Looking for ideas on what direction to take. I am working on a PR to fix up the @sync
/@async
disappearing exception problem. Right now, if an async task throws an exception while another async task is waiting for it and that second task occurs earlier in the task manager queue, the system will silently hang. This is because the parent sync task is never rescheduled after the thrown exception and is looking in the wrong place for the error, anyway.
I have a structure that solves this: each Task’s thunk is wrapped in a way that guarantees the generating Task is scheduled on completion, with or without thrown exceptions. Then the sync task can look for exceptions on all running tasks in parallel. Passes all relevant Channel, Task, Thread and Distributed tests.

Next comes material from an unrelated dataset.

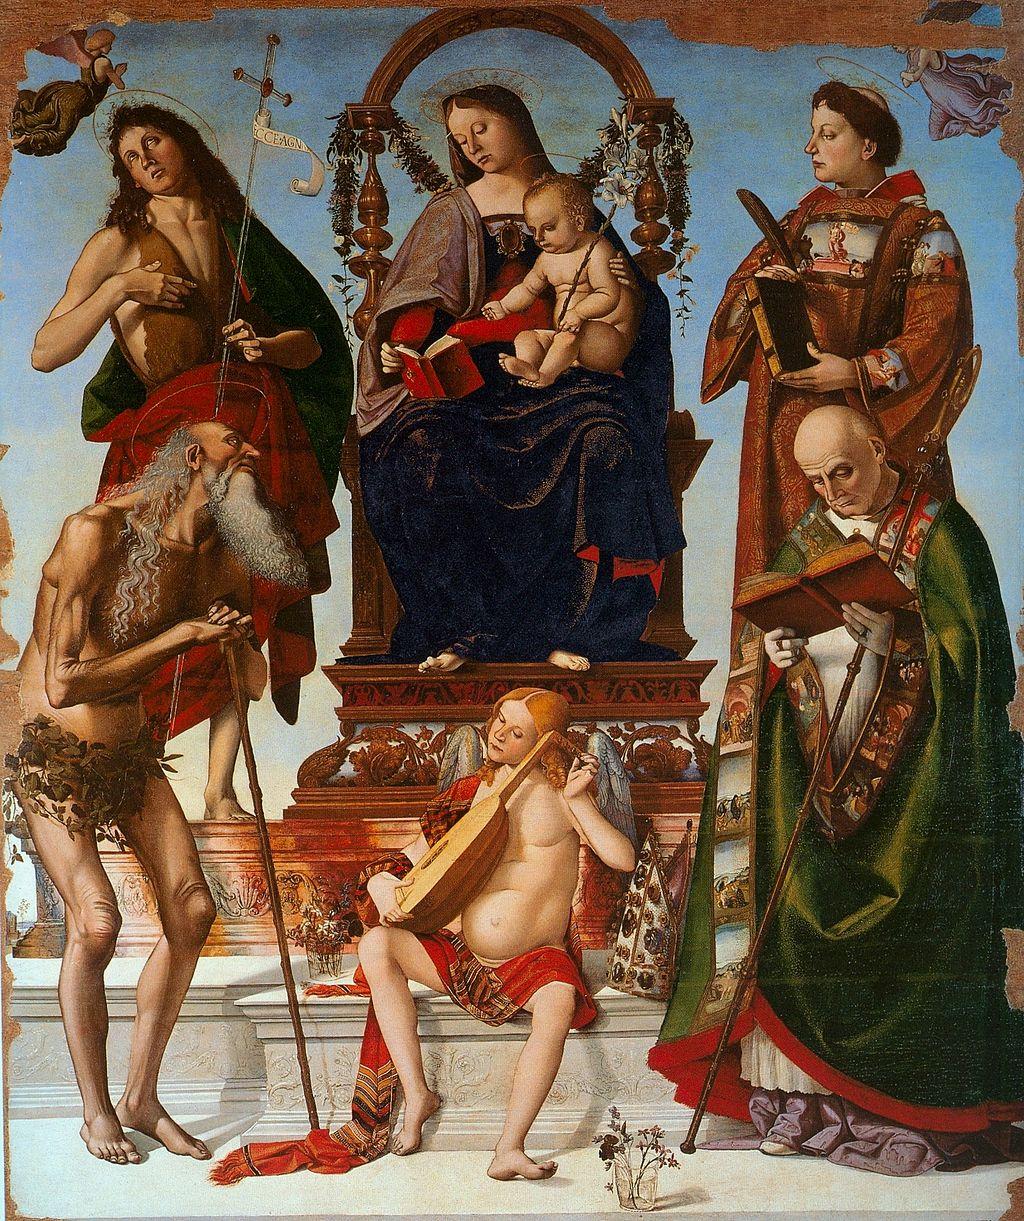 Pala di San Onofrio di Luca Signorelli

So far, so good. But … running through the test suite corners, we run across a serialization issue. The Task serializer tries to serialize the thunk. In doing so, it captures the above closure which includes a reference to the generating task. So it tries to descend and serialize that task as well, but that task could still be running (as in the test case), in which case an error is raised for trying to serialize a running task.
What does one use the serialization of Tasks for? This serialization structure here disallows any Task closures that contain other (possibly running) Tasks. So normally, I’d consider modifying the serializer, but I am hoping to keep this fix to be transparent to the user, and that sounds to me like it is crossing a line. Any suggestions on which way to go here are appreciated.